К середине дня около двух батальонов противника, поддерживаемых самоходными орудиями «фердинанд», контратаковали правый фланг стрелкового полка Ковязина. На этом участке оказались батарея Глущенко (мы как раз находились в ней вместе с начальником политотдела 79-го стрелкового корпуса полковником И. С. Крыловым) и взвод пушек лейтенанта Фоминых из артполка.
Контратака гитлеровцев была в какой-то степени внезапной. Их самоходки открыли огонь вдоль улиц, которые мы пересекали. Немецкие артиллеристы били по стенам домов, обсыпая нас тысячами мелких кирпичных осколков и известковой пылью. Падали каменные глыбы, целые балконы с металлической арматурой, листы железа, бревна, фырчали раскаленные осколки, зло повизгивала пули.

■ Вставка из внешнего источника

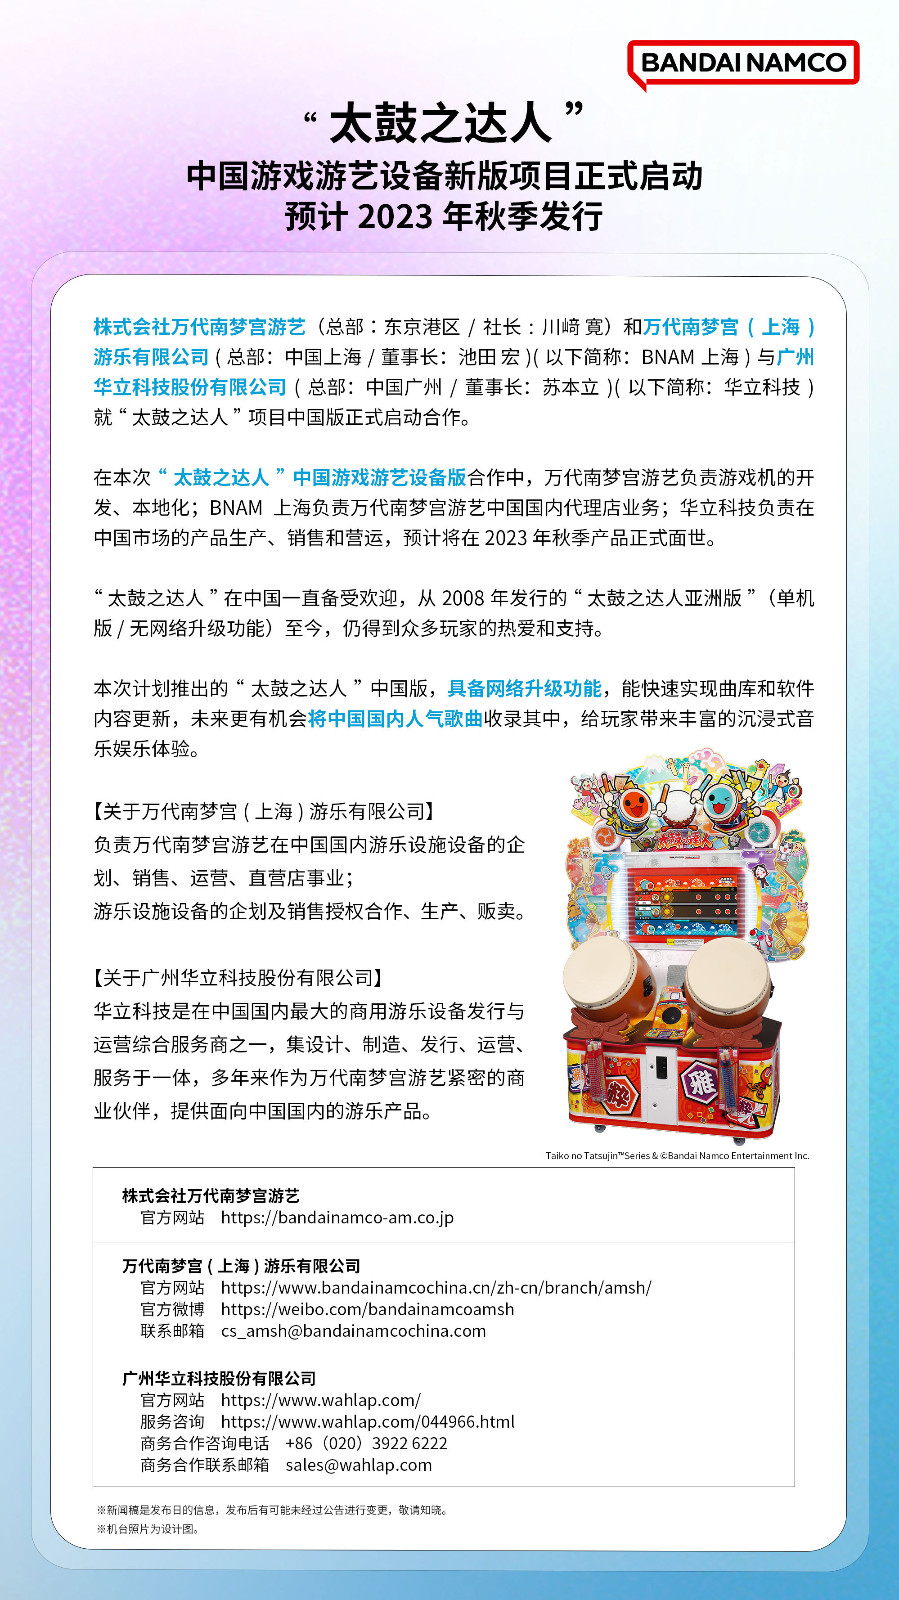 音游人狂喜 “太鼓之达人”中国游戏游艺设备新版项目正式启动

Но с каким спокойствием и мужеством держались наши артиллеристы в этом кромешном аду! Разворачивая пушки и укрываясь под арками домов, расчеты тут же открывали ответный огонь по «фердинандам».
В начале контратаки немцам удалось зажечь две машины с боеприпасами, принадлежавшие первой батарее. Они горели посреди улицы, и черный дым в какой-то мере помогал нам маскировать установку пушек на новые позиции. Командир взвода младший лейтенант Григорий Еременко бросился к одной из машин, стащил ящик со снарядами, кинул его на дорогу. На помощь своему командиру поспешили артиллеристы, а также несколько пехотинцев. Под прикрытием огня они спасли все снаряды, но машины сберечь не удалось.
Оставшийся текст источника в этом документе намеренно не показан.